Janet Yellen’s Last Act at the Federal Reserve: Punishing Wells Fargo
Fed chair Janet Yellen will officially leave her post Saturday, but she’s not going quietly. On Friday evening, on Yellen’s last business day at the Federal Reserve, the central bank slapped new sanctions on Wells Fargo to punish it for a recent string of misbehavior, including a fake accounts scandal.
Upbraiding Wells Fargo (WFC) for its chronic bad behavior, the Fed imposed a consent order that prohibits the bank from growing its assets any larger indefinitely, a severe handicap in the competitive financial industry. The Fed’s “cease and desist” order also forces Wells Fargo to replace another four of its board members this year, though it’s not yet clear exactly which directors will depart.
“We cannot tolerate pervasive and persistent misconduct at any bank and the consumers harmed by Wells Fargo expect that robust and comprehensive reforms will be put in place to make certain that the abuses do not occur again,” Yellen said in a statement.
Wells Fargo stock plunged more than 6% in after-hours trading Friday, following a more than 2% decline during the day. The bank predicted that the Fed’s restrictions would shave $300 million to $400 million off its bottom line in 2018. (Wells Fargo made $22.2 billion in net income last year.)

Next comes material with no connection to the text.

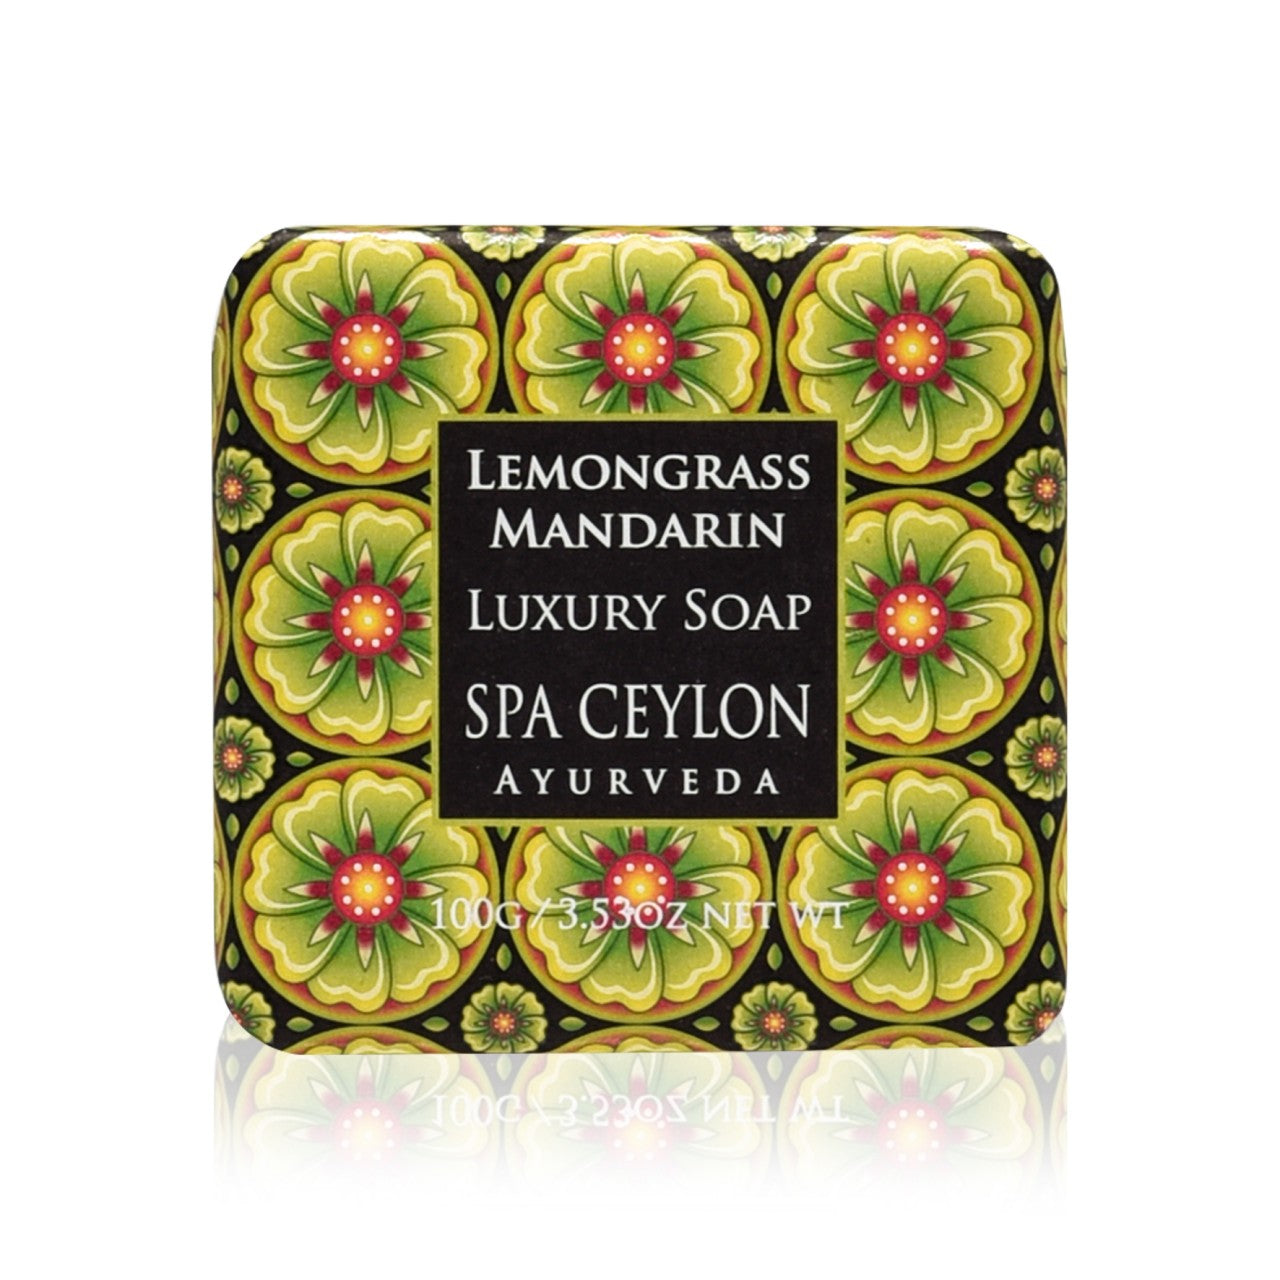 Lemongrass Mandarin Luxury Soap

In 2016, Wells Fargo paid a $185 million fine for illegally opening phony accounts for consumers; last summer, the bank raised its estimated tally of sham accounts to 3.5 million. In the meantime, Wells Fargo has been beset with other scandals stemming from its aggressive sales tactics, including damaging revelations that it may have inappropriately charged mortgage and auto insurance fees.
“The enforcement action we are taking today will ensure that Wells Fargo will not expand until it is able to do so safely and with the protections needed to manage all of its risks and protect its customers,” added Yellen, who will be succeeded by new Fed chair Jerome Powell on Monday.
The Fed’s move caps Wells Fargo’s assets at $2 trillion, their total at the end of 2017. By comparison, JPMorgan (JPM) ended last year with $2.5 trillion in assets, while Bank of America (BAC) had $2.3 trillion, Citigroup (C) had about $1.8 trillion and Goldman Sachs (GS) had $1.49 trillion.
The penalties could make it harder for Wells Fargo to compete. On a conference call Wells Fargo’s management team held following the Fed’s announcement, Wall Street analysts raised the prospect that the bank could fall behind its peers as it cuts back on certain activities in order to keep its assets under the limit. “I’d think every competitor is looking at this thinking it means [Wells Fargo is] going to be on a back foot for the next year, so let’s go after market share,” said Betsy Graseck of Morgan Stanley.
Because the Fed also recently raised interest rates in 2017, banks like Wells Fargo are also making more money off their lending businesses and from consumer deposits. That presents an additional challenge to Wells Fargo in keeping its assets in check to comply with the Fed order. As a result, the bank said it planned to create a “buffer” by scaling back on trading and short-term investments, and to temporarily stop accepting certain deposits from financial institutions.
But Wells Fargo CEO Tim Sloan sought to convey an air of business as usual: “I want to repeat, we are open for business,” said Sloan, who became chief executive in 2016 after his predecessor John Stumpf resigned under pressure.
The bank plans to complete an independent risk management review by the end of September of this year, after which the Fed will decide whether Wells Fargo has sufficiently addressed its concerns and whether to lift the sanctions. “We’ll want to be very sure that the changes that we’ve made and improvements have been implemented, but we want to have this cap lifted as soon as possible,” Sloan added.